Many renewable energy advocates say the need for, and method of, providing base-load power will change over time as more renewables are added to the energy mix. The fossil-fuel and nuclear industries dispute these claims, of course, but even if there could be problems with base-load power, they would not come into play until renewable power sources contribute far more than than 20 percent of our total electricity.
Environmental groups, such as the League for Conservation Voters, praised Obama's move.
Nathanael Greene, director of Renewable Energy Policy for the Natural Resources Defense Council, wrote:
These standards are important.

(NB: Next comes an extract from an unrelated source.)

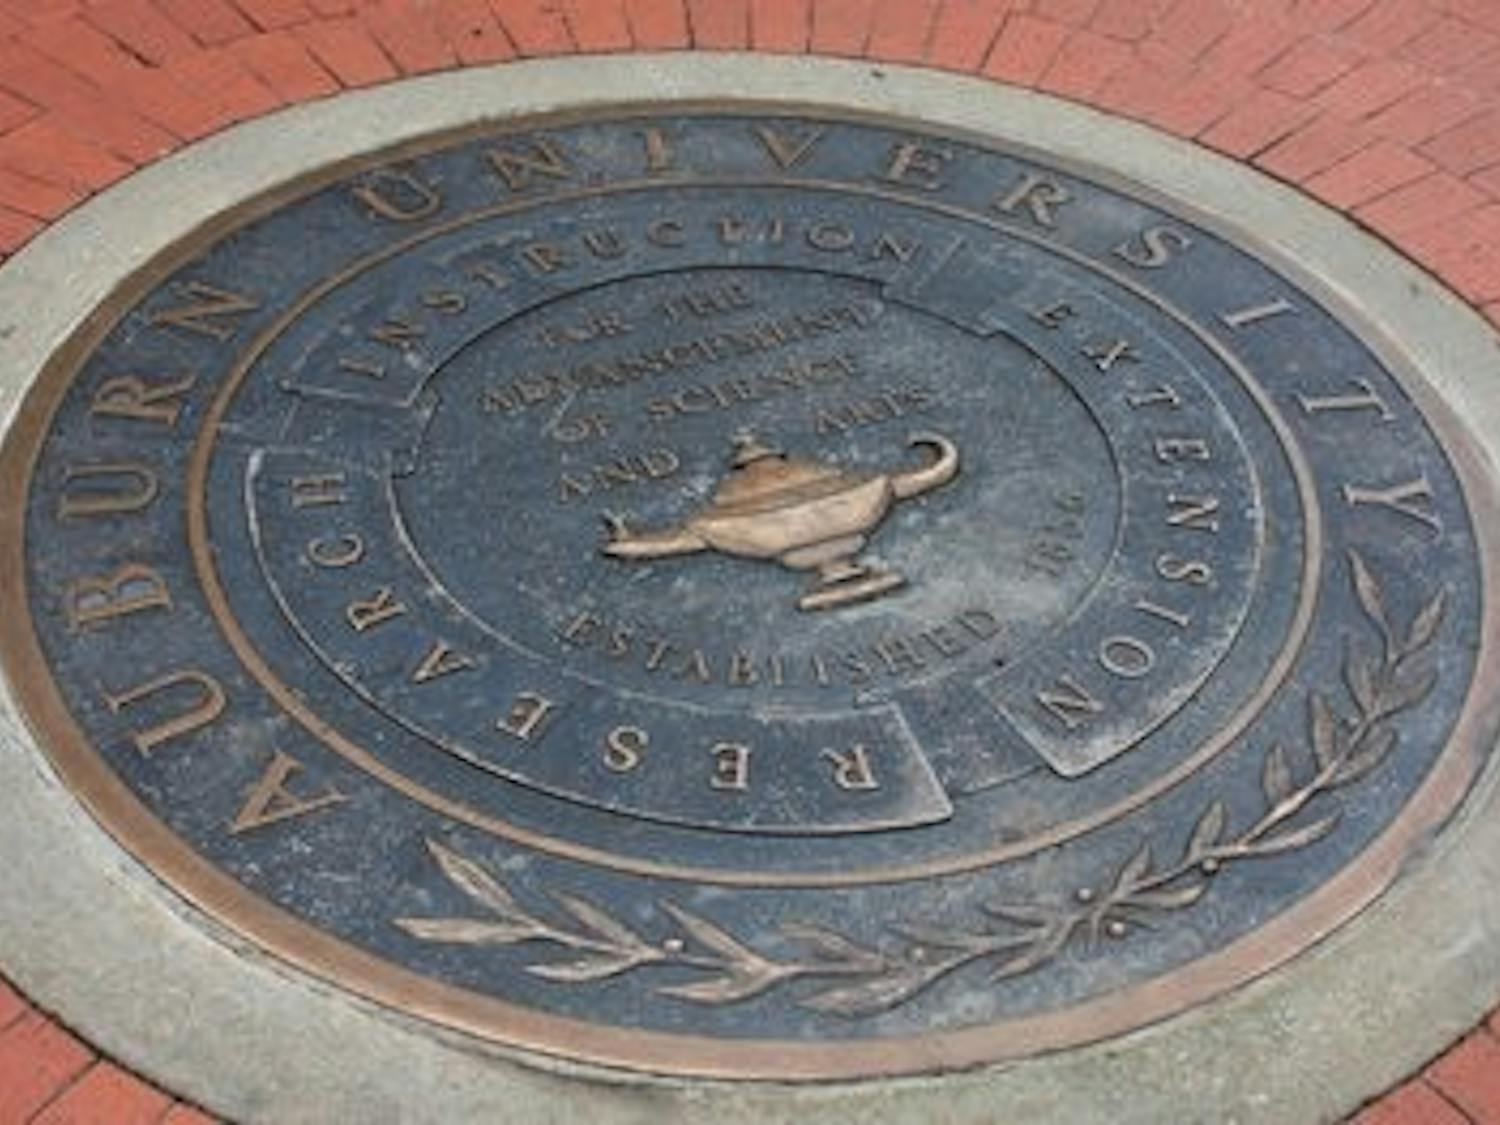 Legend has it that students who step on the Auburn seal he or she will not graduate on time or find their true love at Auburn. (Chelsea Wooten / PHOTO EDITOR)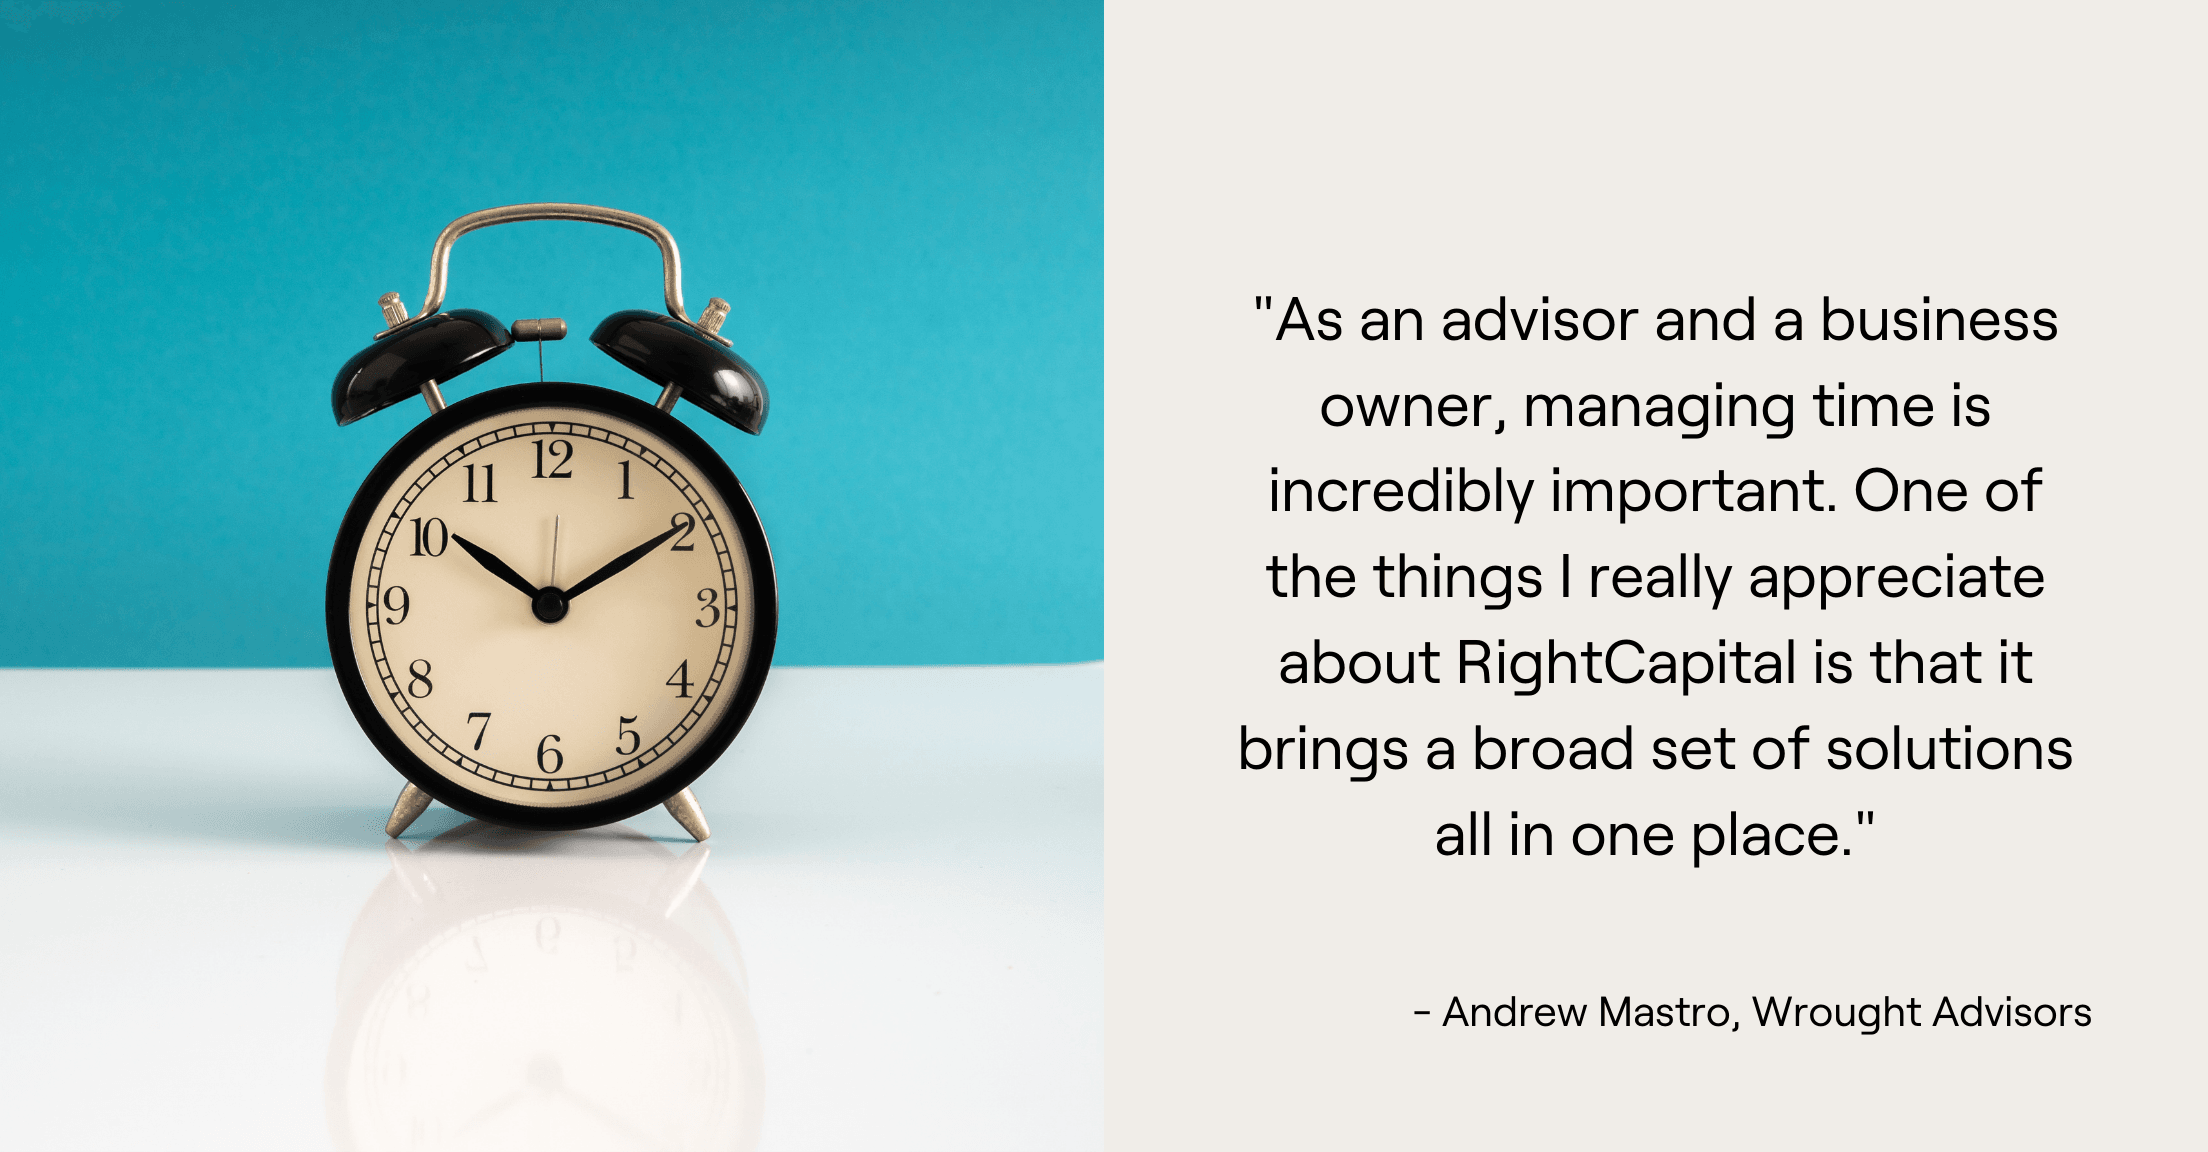 Clock and advisor Andrew Mastro quote: "As an advisor and a business owner, managing time is incredibly important. One of the things I really appreciate about RightCapital is that it brings a broad set of solutions all in one place."

The federal steps, and similar measures that the states are taking, will drive about half of the growth in this sector by 2020. But Congress must also act, and one big step would be to extend current federal tax credits to maintain the job growth already created in the wind, solar and energy-efficiency industries. [...]
The growth in this sector also shows that focusing on clean energy does not pit the economy against the environment. At least 3.4 million Americans are employed nationwide weatherizing homes, producing high-efficiency air conditioning systems, installing solar panels and wind turbines and developing advanced car batteries. The economic shift is already happening, it’s picking up speed, and there’s no turning back.
That fact, however, won't stop certain interests from trying to turn back.